Check these guys out: Ski and Snowboard Chile and Argentina | CASA Tours | www.casatours.com
Otherwise a flight to Santiago and a bus ride up to the three ski fields would be an easy snowboarding vacation. I'd suggest doing the whole tour with someone who speaks Spanish. The bus ride over the Andes toward Bariloche is epic.

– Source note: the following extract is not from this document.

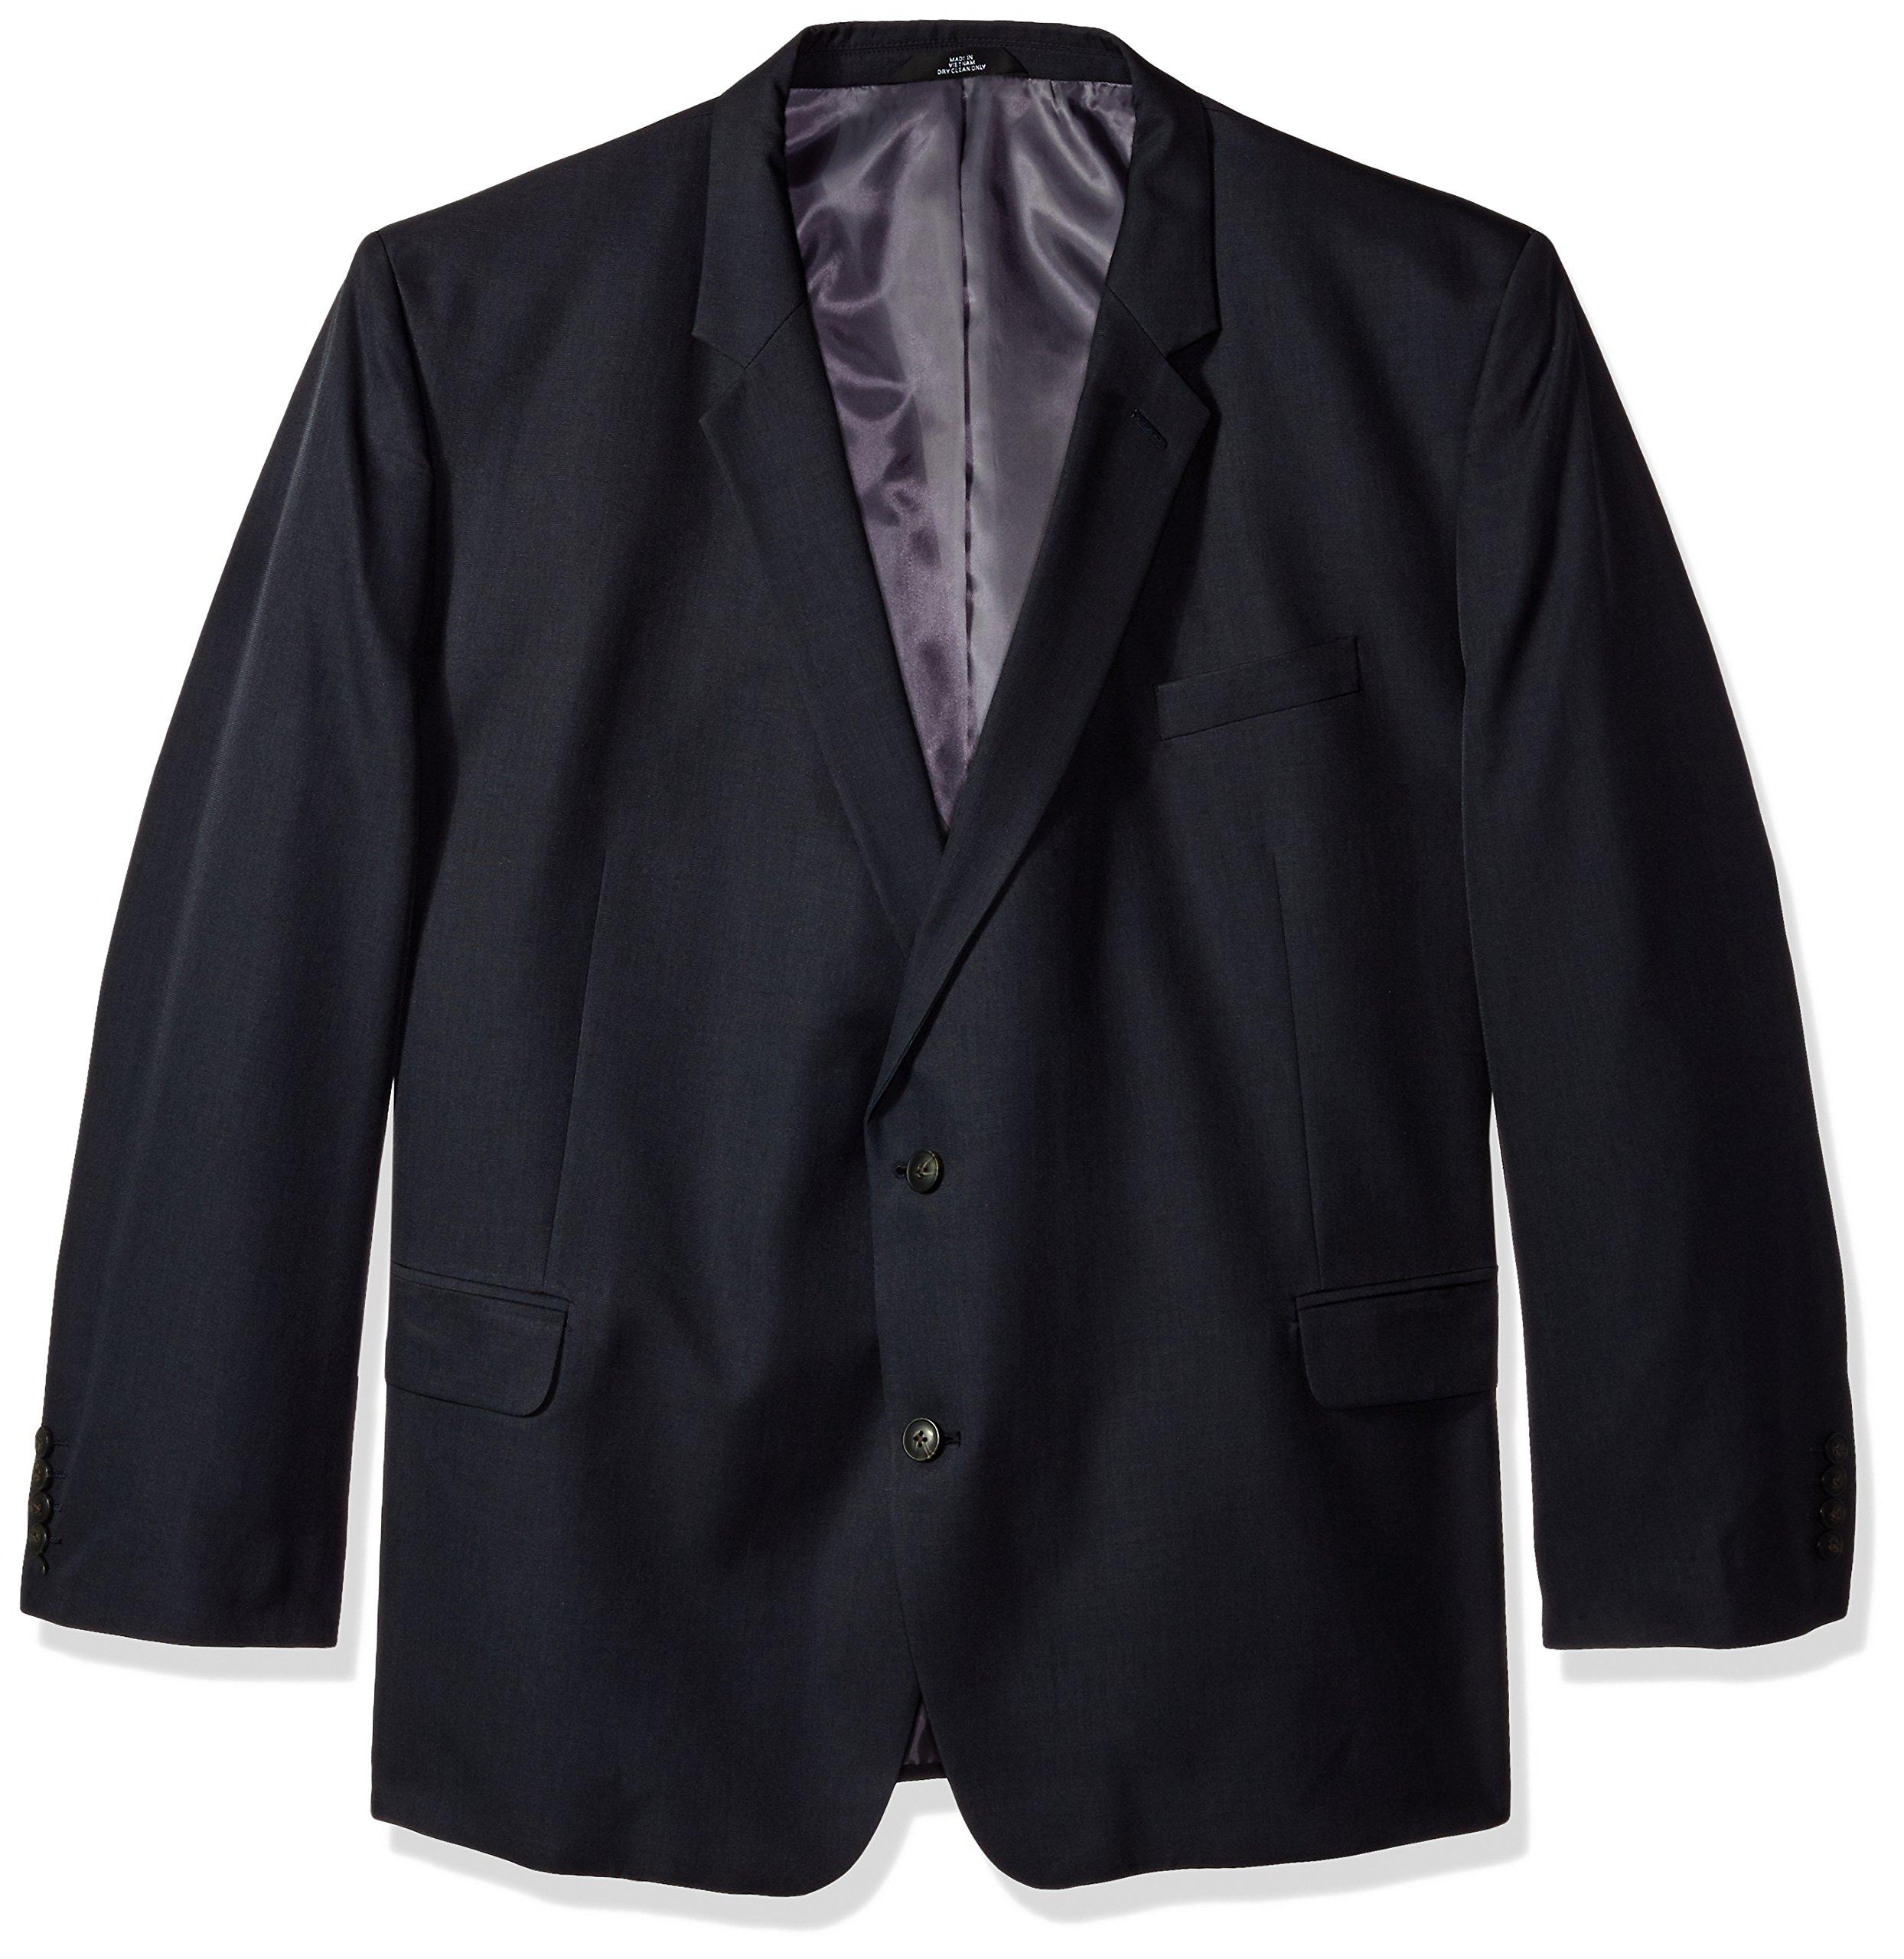 Haggar Men's Big and Tall J.m Premium Stretch Classic Fit 2-Button Coat, Dark Navy, 58R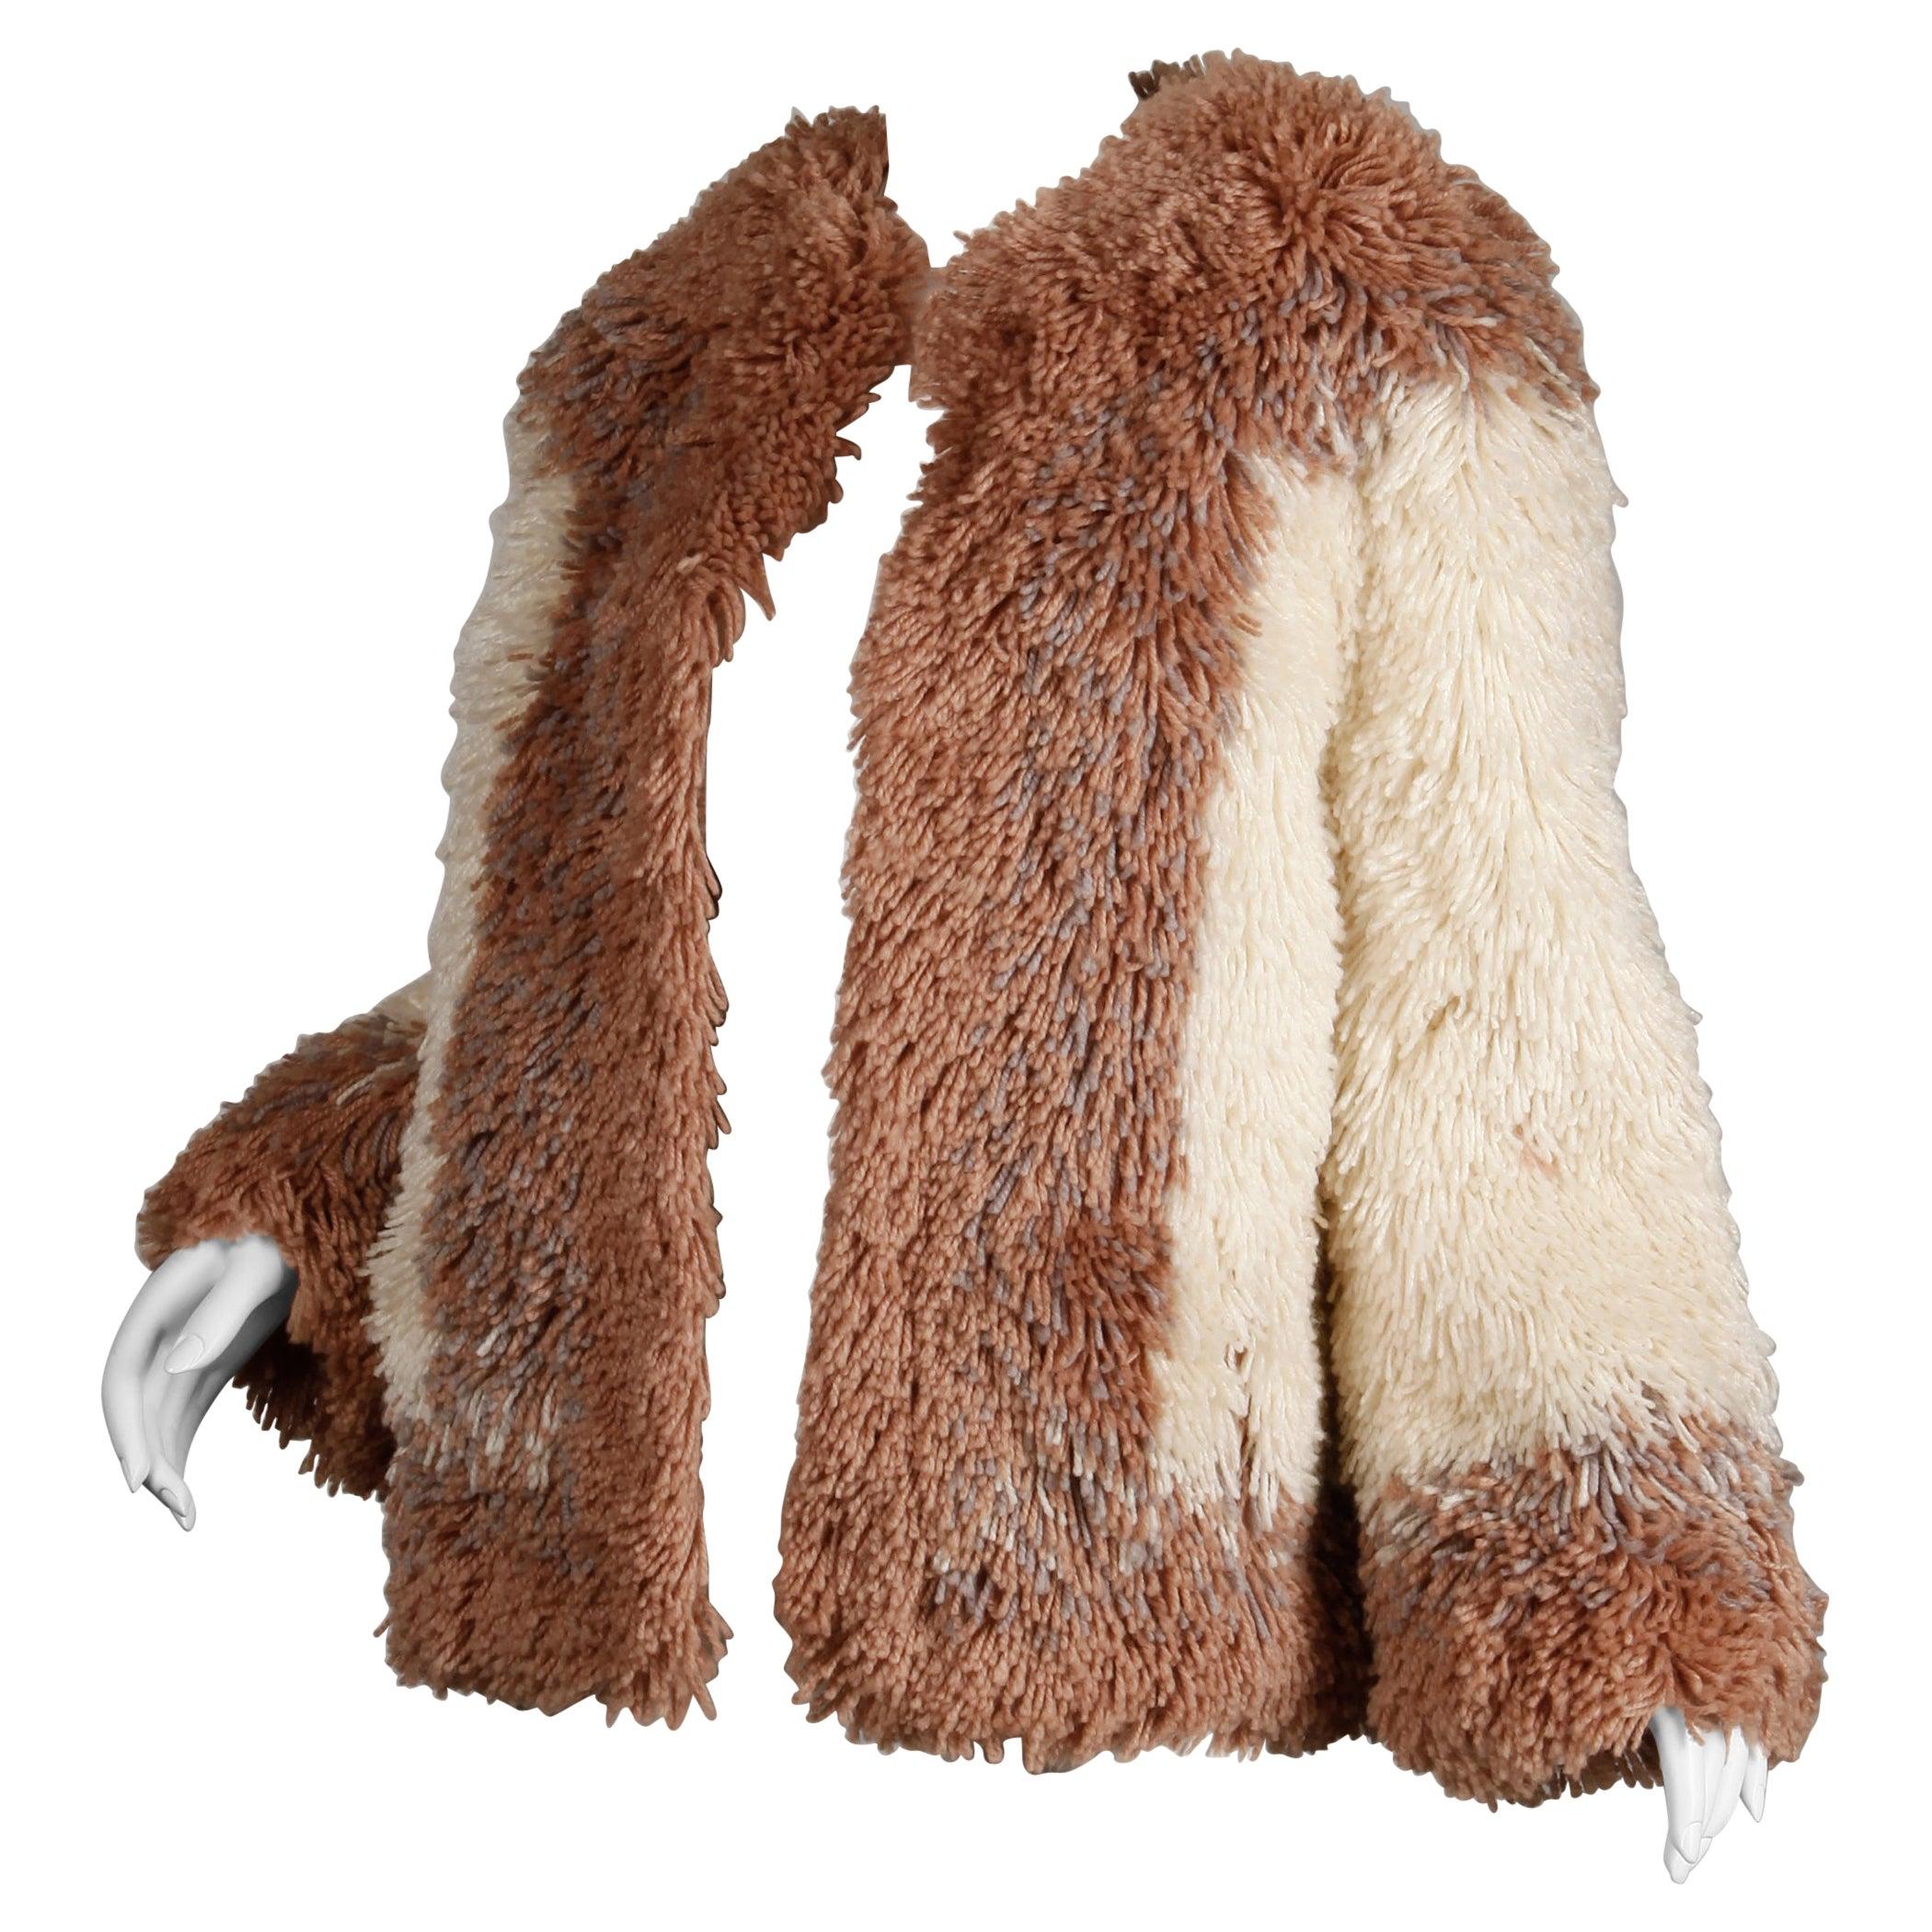 Judith Ann Vintage Heavy + Warm Wool Shaggy Faux Fur Jacket or Coat 1980s

Photo: Aaron Chan at Portillo


----------



## neednsnow (Nov 30, 2007)

Rockin the Clickers.......Awesome! Great Picture!!!


----------



## Guest (May 11, 2009)

Ive been riding Chile for the last 3 years. The terrain is great the people are lovely. I have been running a slopeside accommodation in El Colorado resort. This area connects with Valle Nevado, La Parva and Farellones. Big powder bowls, chutes, cliffs, groomers, terrain parks muy bueno! If you are interested please feel free to contact me with questions..

let it snow
Karl


----------



## Guest (May 25, 2009)

[email protected] said:


> Ive been riding Chile for the last 3 years. The terrain is great the people are lovely. I have been running a slopeside accommodation in El Colorado resort. This area connects with Valle Nevado, La Parva and Farellones. Big powder bowls, chutes, cliffs, groomers, terrain parks muy bueno! If you are interested please feel free to contact me with questions..
> 
> let it snow
> Karl


Hi Karl,
I've never been snowboarding in Chile but would like to. How much are accomodations at your establishment for 5 days? (typical mid season)

Thanks!

Henry


----------



## Guest (May 25, 2009)

Suburban Blend said:


> Check these guys out: Ski and Snowboard Chile and Argentina | CASA Tours | www.casatours.com
> Otherwise a flight to Santiago and a bus ride up to the three ski fields would be an easy snowboarding vacation. I'd suggest doing the whole tour with someone who speaks Spanish. The bus ride over the Andes toward Bariloche is epic.
> 
> Photo: Aaron Chan at Portillo


Thanks for sharing this great photo! What an amazing backdrop!


----------